Lon Allan’s love of words brought him to Atascadero 57 years ago, and since then, he’s become an integral part of the community. In 1965, Lon got out of the Navy and went to Cal Poly to get his teaching credential. His original plan: to become an English teacher.
“I had to do student teaching. They had an opening at Atascadero, which I’d never really heard of. Like most people. Came up here. Then after student teaching was over, the school district said, ‘We have an opening for a drama and a journalism teacher. Would you like to go to work?’ I was thrilled, and I didn’t even ask what the salary was,” Lon laughed as he remembered how quickly he jumped at the job offer.
Though Lon only taught at Atascadero High for a total of seven years, it was a learning experience for him too. Over that time, he taught English, speech, journalism, and drama, and even directed the school’s plays. While he spent his time teaching, he figured out what he wanted to do with the rest of his life.
“My students asked me one day, ‘what do you want to be when you grow up, Mr. Allan?’ And I said I would love to be editor of a small newspaper in a little community somewhere,” Lon said. “And it just so happened the owner/editor of the paper [Atascadero News] was looking for some help, so I went to work for him in the summer and stayed the next 35 years.”
In that 35 years, Lon saw a lot of changes. While being on his beat, he got to report on Atascadero before it was a city, as it became a city, and for years after. He wrote stories covering when the first stop light was put in town, the installation of the original sewer project, the first Atascadero City Council meeting, the first Planning Commission meeting, and even when Atascadero hired their first Chief of Police.

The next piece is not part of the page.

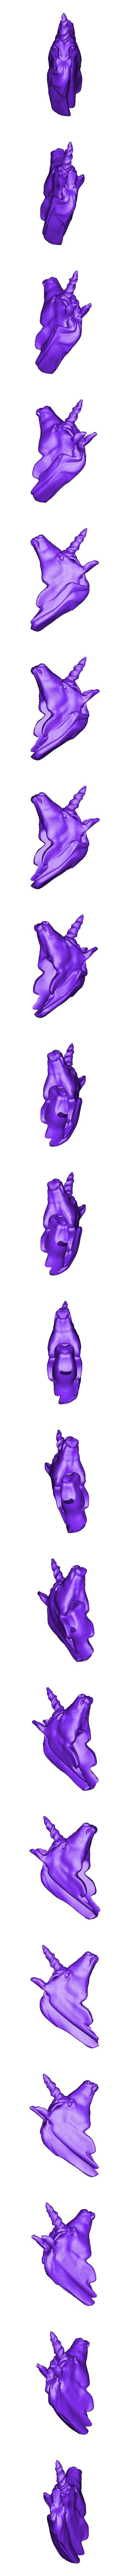 unicorn_sitting_head_with_horn.stl Download free STL file Sitting Unicorn Nightlight • 3D printable object, Pza4Rza

“I enjoyed it, and I’m old enough to appreciate journalism or newspapers when they still had hot type and the letterpress and all that,” he said about the news business. “Being editor of a paper, there was a line of type right there we set the heads on. Then I saw the evolution into offset printing, and then by the time I left the newspaper, I was making up the page on a computer screen. And so I got to live through those technological changes.”
Being a part of Atascadero News and writing feature stories, his favorite part, for 30-plus years led Lon to have a deep love and connection with the city he’d been writing about that whole time. That connection made him jump at the chance to become a part of the Atascadero Historical Society as president for 10 years and a historian.
“As you know, a newspaper is like a big monster. You just keep feeding it stuff until it’s all used up, and now you need more copy,” stated Lon. “I became friends with Marj Mackey, and Marj was the founder of the Historical Society, and she would put me on to ideas.”
Having a Navy background also got Lon connected with the Estrella Warbirds Museum. He joined the museum just four years ago, but he’s been attending events held there for years leading up to that.
“I joined the Navy, actually, to keep me out of the Army. I was aboard a ship for a year and a half and then an amphibious warfare boat squadron until I made lieutenant,” he added about the experience.
His love of Naval ships and woodworking led Lon to start building large model ships for the museum.
“I built a PT (patrol torpedo) boat, and the Warbird Museum liked it, so I’ve built about 10 boats for them now,” continued Lon. “That’s been really fun. And I like being around old airplanes, and they do a good job.”
Lon has also taken all of his knowledge built up over the years through working at the paper and working with the Historical Society to pen two novels on the history of Atascadero. “Atascadero: The Vision of One — The Work of Many,” and “Atascadero’s Historic Business District.” His time on the Colony Day Committee for the last 20-plus years has also given him perspective.
“My wife was chairman of the Colony Days, and she headed the Woman’s Shelter for 18 years,” Lon added of his late wife, Eileen.
On top of everything else, Lon has also been part of Atascadero Kiwanis for the last 20 years as a director on the board. He was also a past president of the Atascadero Chamber of Commerce. And was also a founding member of the much-loved Atascadero Printery Foundation, which is still working diligently to get the historic building open to the public.
“That’s a great building. I hope we can save it. We just
need a sugar daddy with lots of money,” Lon said with a smile on his face.
These days, Lon also keeps himself busy visiting his two adult daughters, three teenage grandchildren, and his three stepchildren. He’s thankful that they all live within a two-hour drive of his beloved Atascadero.
If you see Lon out and about in his restored 1946 Willys Jeep, be sure to give him a honk and holler.